The reason the amount calculated at 15% is higher in case of an equity mutual fund (₹40 lakh) as compared to a ULIP for a similar return (₹33 lakh for 15.5% annualised return) is because insurance linked investment plans will deduct mortality charges that eat into your investment return. These are best avoided.

Hence, always keep insurance as pure term and use pure investments to get the most efficient returns.



Unlike an insurance plan, the mutual fund redemption will be subject to a 10% long term capital gains tax. This however, is not a consideration enough to give up the higher returns, flexibility and transparency that mutual funds award you with.

What if you already have a child plan?

Should you continue to pay the premiums or consider them as a sunk cost? If you are close to the policy’s maturity then continue till the end as its not worth surrendering.

If it is a unit linked policy that you are using for this goal, then in the first five years you will not be able to surrender. Post that you have to do a cost benefit analysis. The calculation above on insurance plus investment is one such example. Alternatively, you may not to move to a ULIP with another insurer who has a better performance track record (I still wouldn’t recommend ULIPs as investments).

For a traditional policy, it’s unlikely you will get any of the premiums back if you surrender in the first three years. After that you will get up to 50% from the fourth till the seventh year. Now if the tenure of the policy is 8-10 years, it doesn’t make sense to surrender in the seventh year. Remember, surrendering means you will not get all the ‘investment’ amount back. So, you will have to consider some part of it as sunk cost.

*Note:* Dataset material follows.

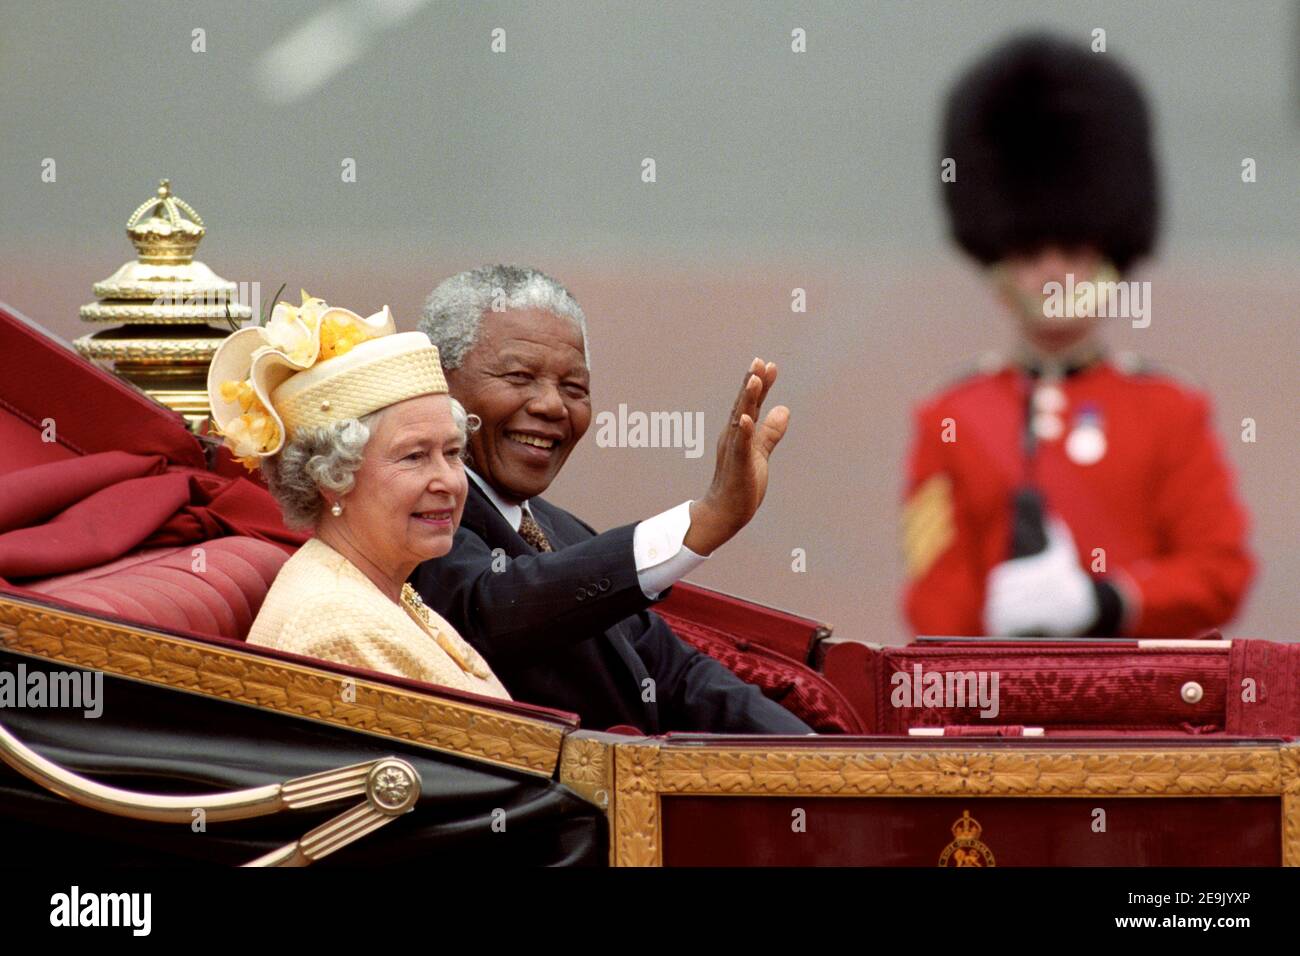 File photo dated 09/07/96 of then South African President Nelson Mandela and Queen Elizabeth II riding in a carriage along the Mall on the first full day of his state visit to the UK. The Queen will have reigned as monarch for 69 years on Saturday. Stock Photo

Unless the premium payments have become too much of a burden, it’s not feasible to surrender the policy close to maturity.

Also, the process to surrender the policy can be cumbersome; you will have to visit the insurer’s office and there could be penalties involved. Do a cost benefit analysis with the alternative investment option like mutual funds discussed above. Only if you are able to earn more after account for the lost capital and other charges on surrender should you go ahead.


Often repairing the damage becomes too costly. What is more suitable is to ask the right questions at the start and if you have already made the mistake of mixing insurance and investment then try not to repeat this again.

Keep both separate, keep it clean. There are insurance plans (ULIPs) which claim better returns than mutual funds, now with a 10% long term capital gains tax on equity mutual funds, these ULIPs seem to be finding a lot more favour not only with investors but also with advisors. However, they are not flexible, remember there is a 5 year lock in, you only have the past performance to support your decision, they are not as transparent and liquid as mutual funds and switching your fund manager is not possible unless to take a new policy – which, will cost you more as it will have to be done at least after the 5 year lock in.

When it comes to your child’s education goal, it is your duty to ask more questions and demand truthful answers. Be smart with your investments, don’t fall for emotional marketing and don’t invest simply for tax benefits – remember ultimately it’s your child who has to benefit from this decision.